Martin Comport of Dale & Dale solicitors writes in the Law Society Gazette, in the course of a complaint that the Law Society are using funds to campaign in support of legal aid, that

“Perhaps a test [for legal aid] should be: ‘If this was my money would I spend it on this litigation?’ Perhaps the legal aid budget would not have increased had a more stringent financial test been considered and hence such proposed cuts would not now be proposed.”

Good idea. Oh. Wait… Someone thought of it already.

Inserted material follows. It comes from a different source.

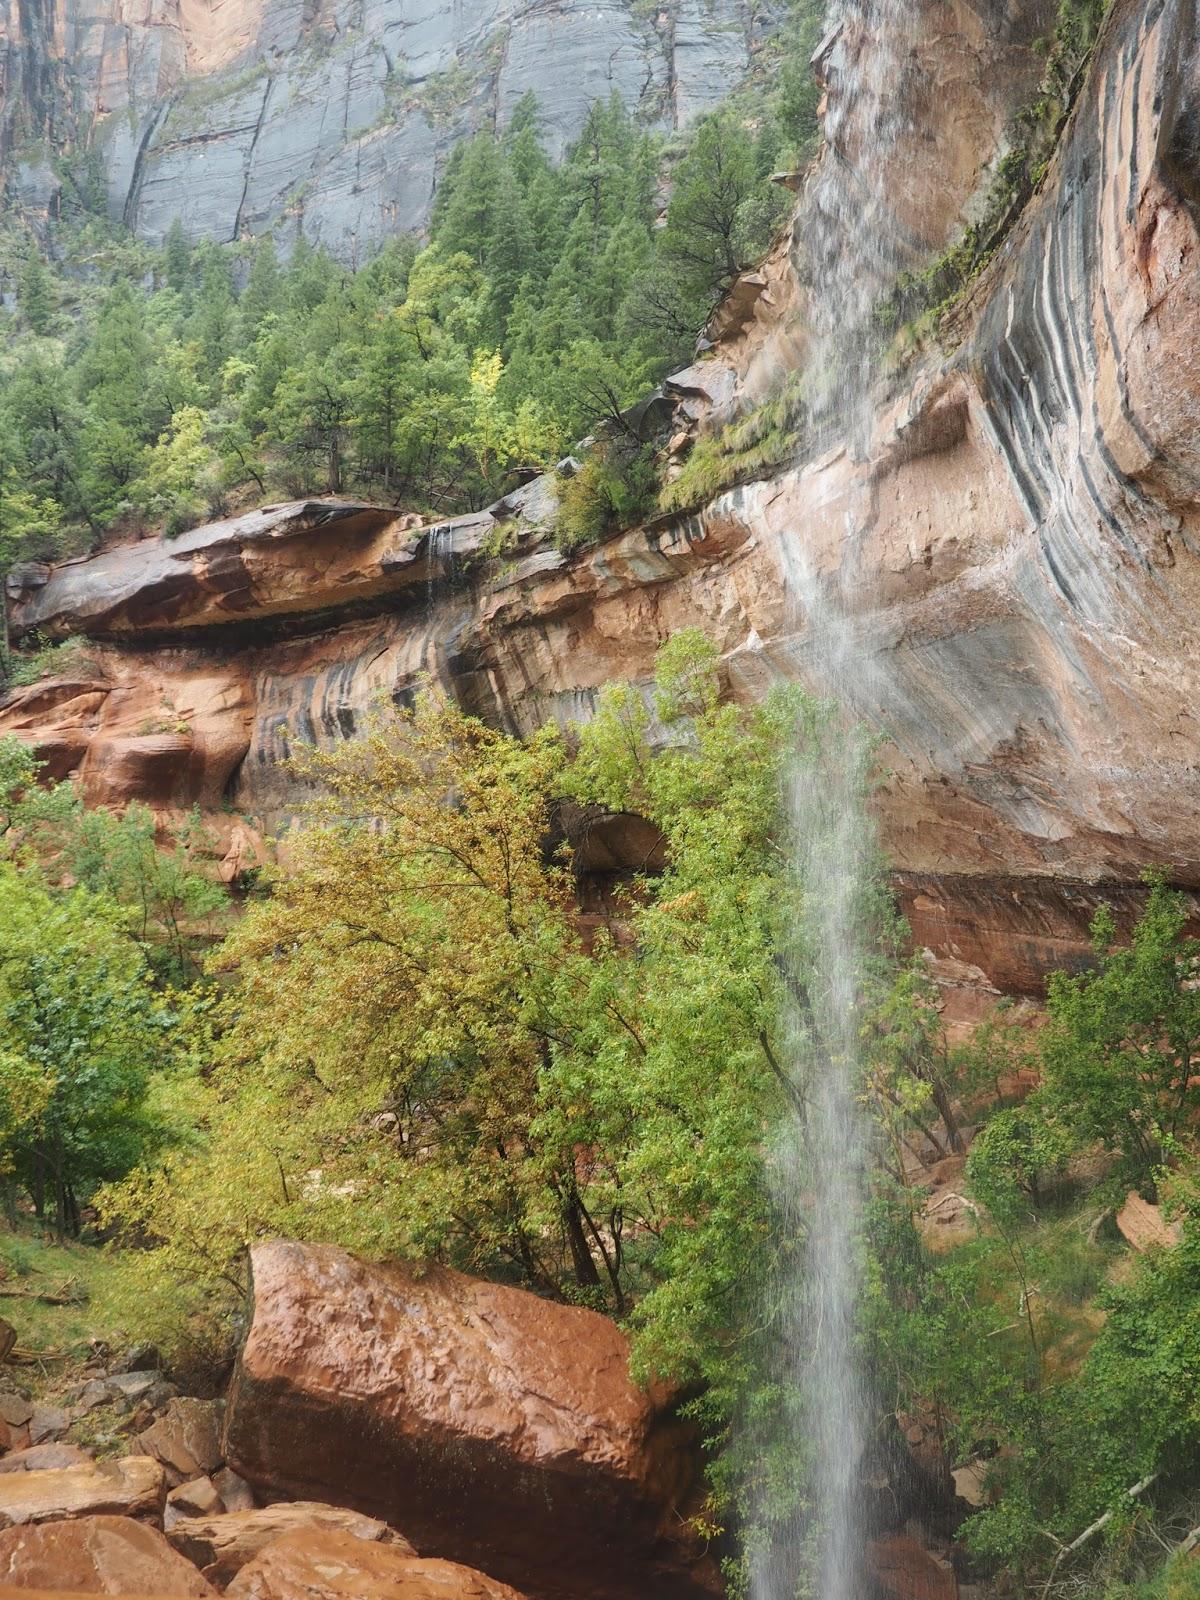 Waterfall in Zion National Park, Utah

“If the claim is not primarily a claim for damages (including any application by a defendant or a case which has overwhelming importance to the client), but does not have a significant wider public interest, Full Representation will be refused unless the likely benefits to be gained from the proceedings justify the likely costs, such that a reasonable private paying client would be prepared to litigate, having regard to the prospects of success and all other circumstances.” (5.7.4 Funding code criteria).

As Homer would say “Doh!” (not the greek one).

3 thoughts on “Headdesk

  1. they should call it something like a ‘merits test’. then people would know what it was.

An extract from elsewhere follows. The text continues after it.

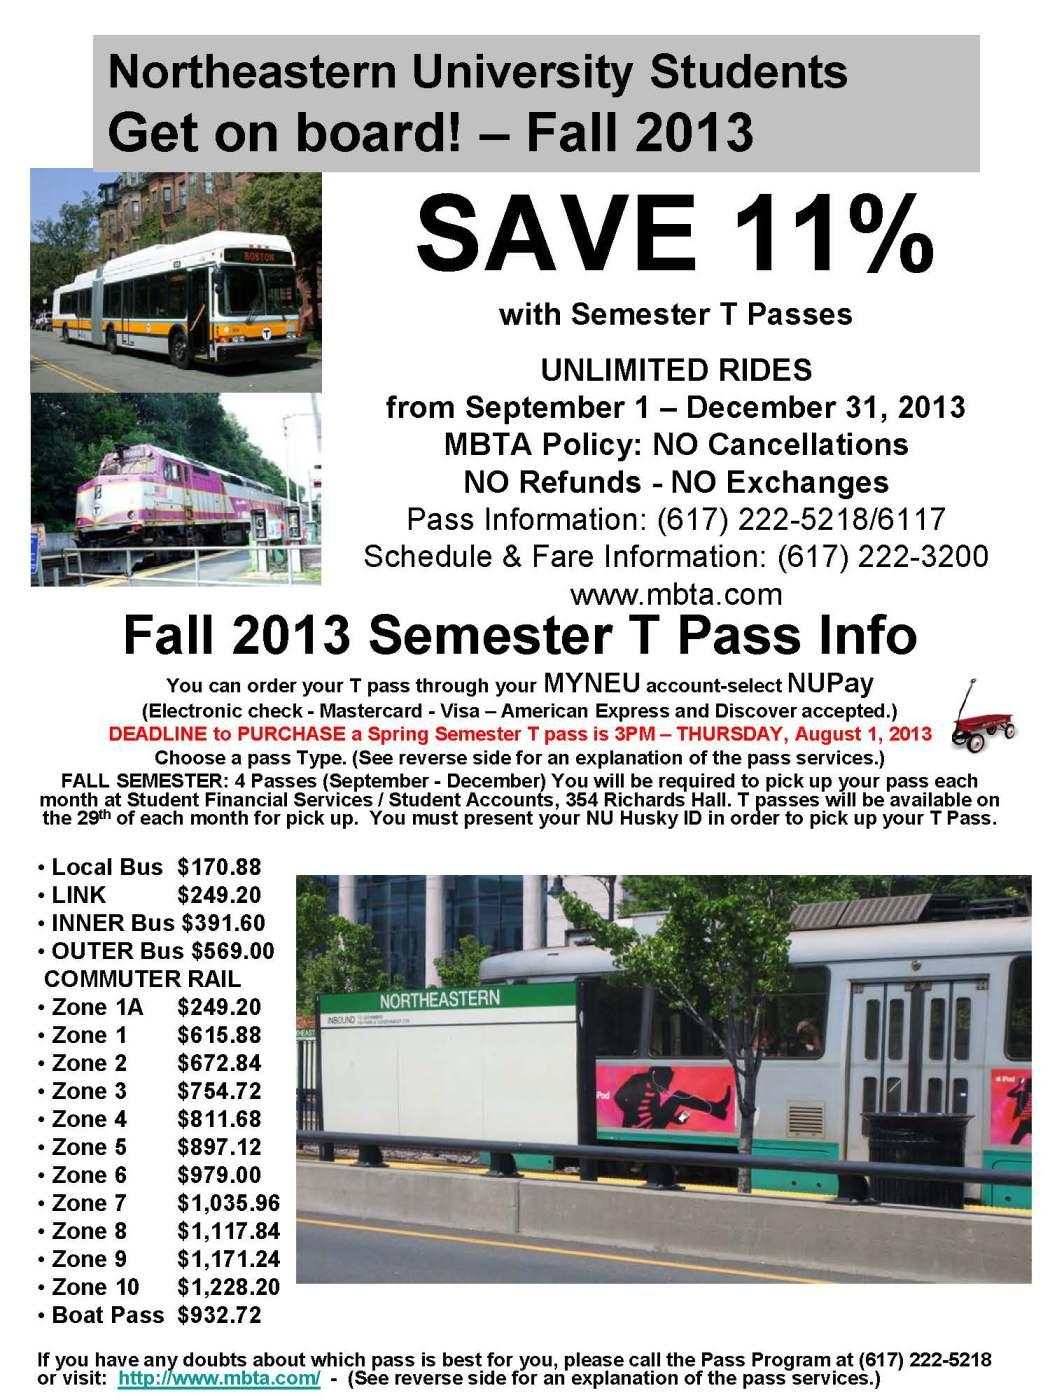 MBTA Discounted Semester T-Pass  via NUpay

  2. But have you ever tried raising this test with the LSC when on the other side? I have. It doesn’t matter just how meritless the case may be, you can’t trust all legal representatives to pull the plug on their client and you certainly can’t trust the LSC to intervene. It’s so frustrating to represent a privately paying client against a publicly funded one, especially in a Children Act application. The incentive to act reasonably is substantially where there is no real cost consequence.

    • Point taken but I have known the lsc pull funding after representations from the other side. It is difficult because often representations are tactically made and based on a very particular view of “the merits” and they can be mischievously made.